## Extracted entries
***

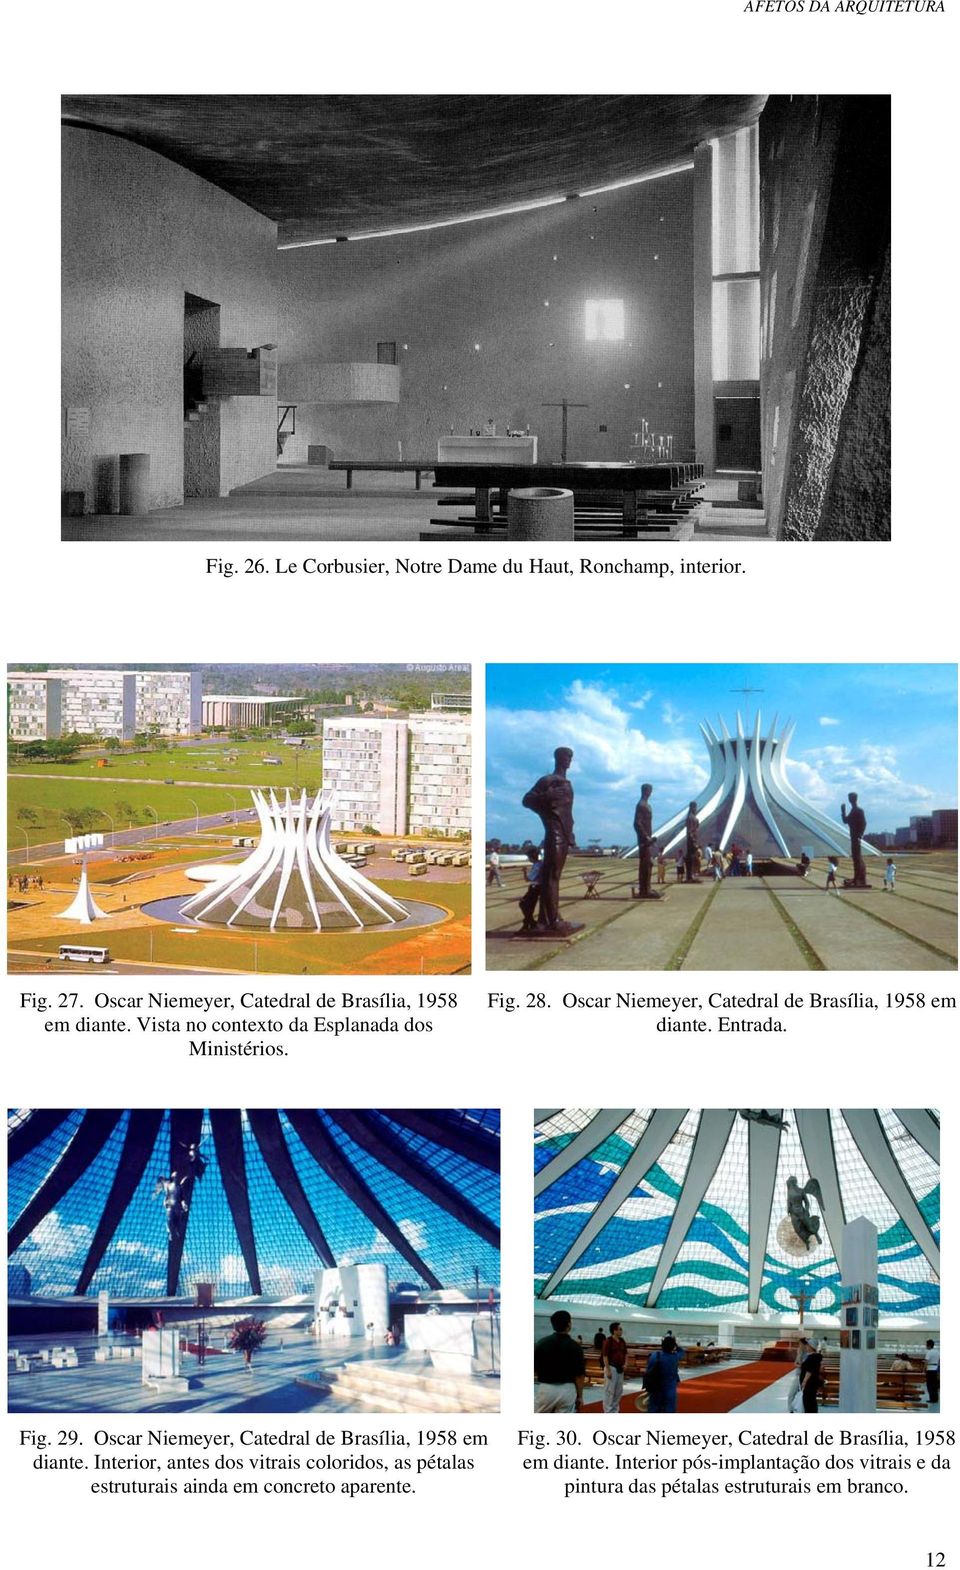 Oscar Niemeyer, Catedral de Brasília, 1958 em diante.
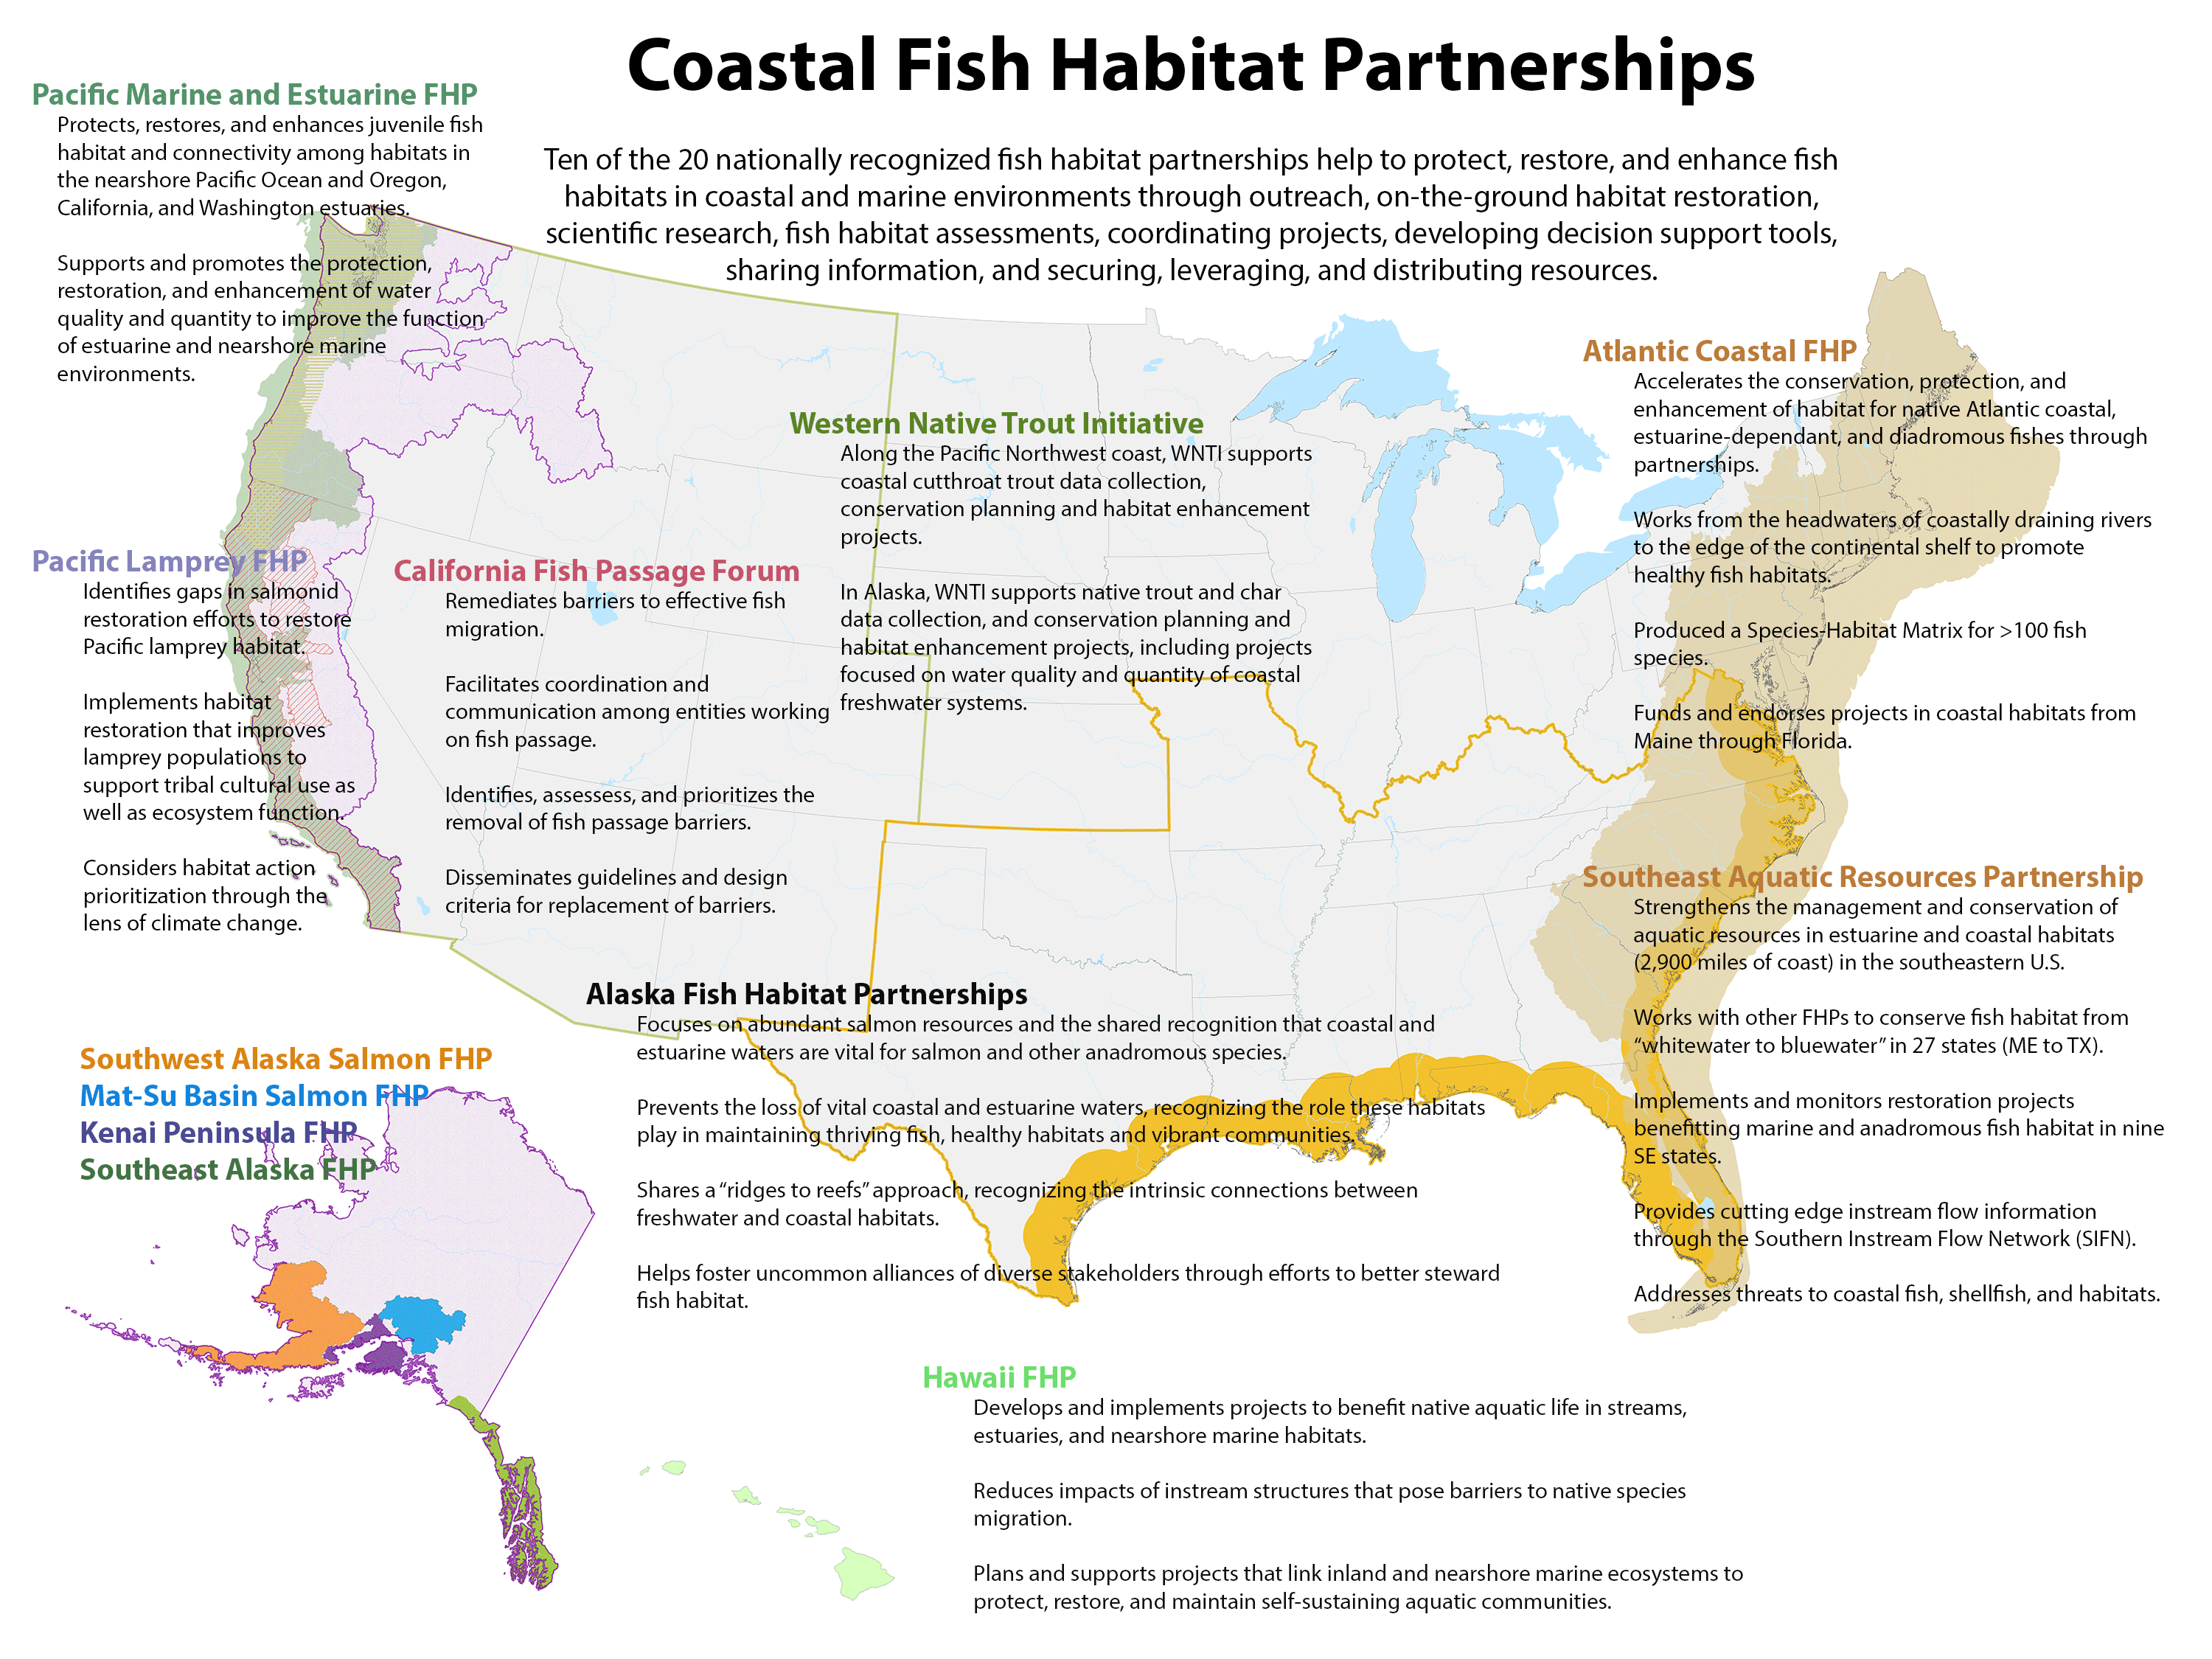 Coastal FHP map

***

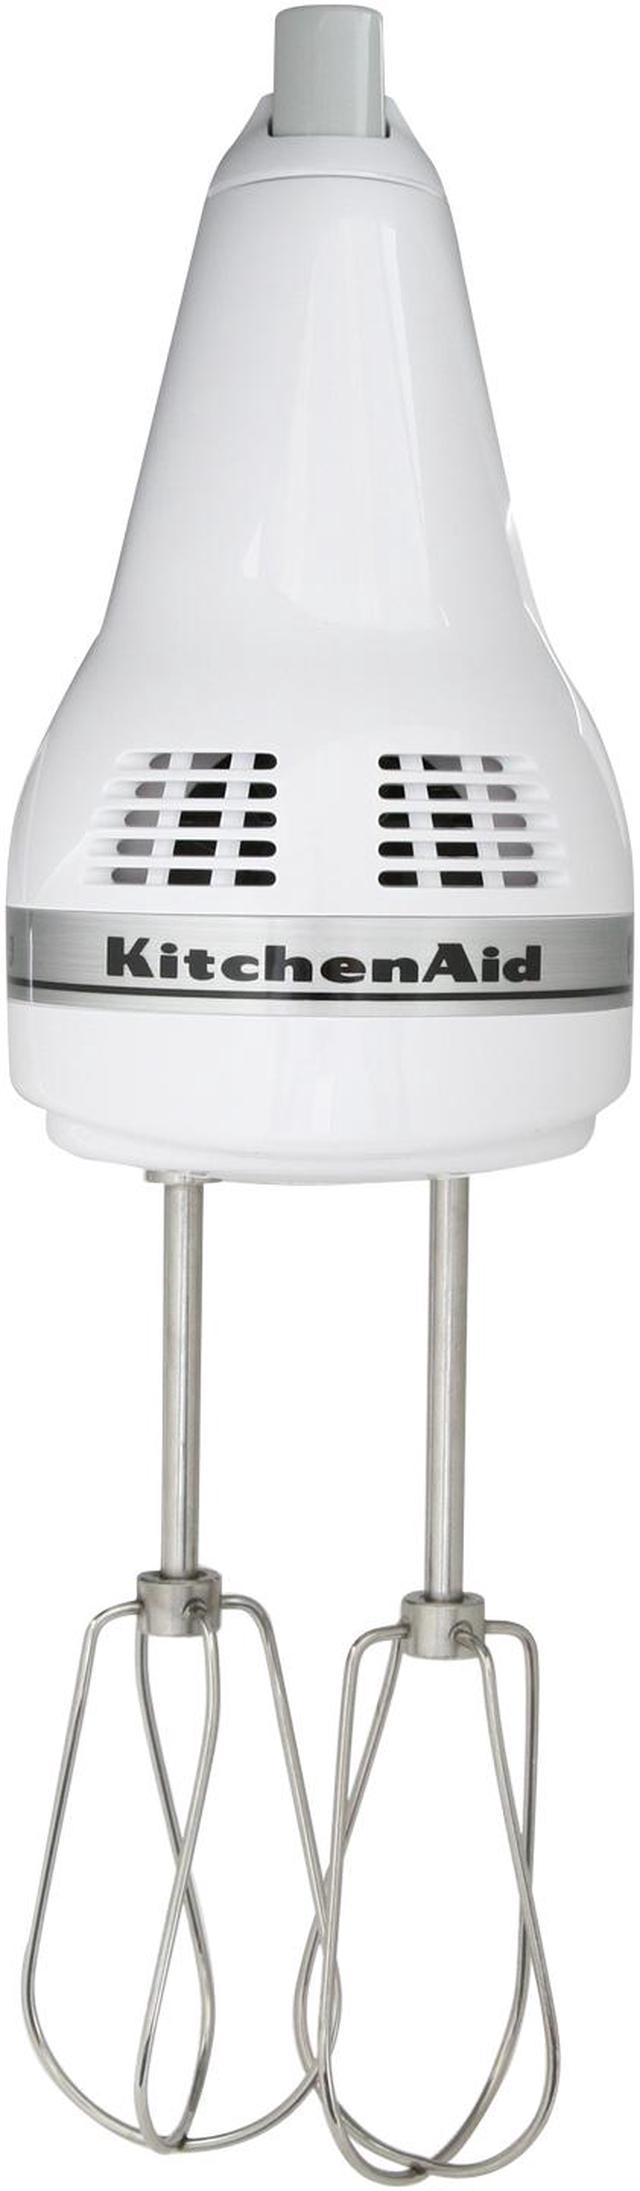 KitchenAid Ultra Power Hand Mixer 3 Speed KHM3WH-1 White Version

***

Using the data above, give again exactly the lines starting at the one holding "Oscar Niemeyer, Catedral" and ending at the one holding "Coastal FHP map", inclusive, and nothing more. Omit the pictures.

 Oscar Niemeyer, Catedral de Brasília, 1958 em diante.
 Coastal FHP map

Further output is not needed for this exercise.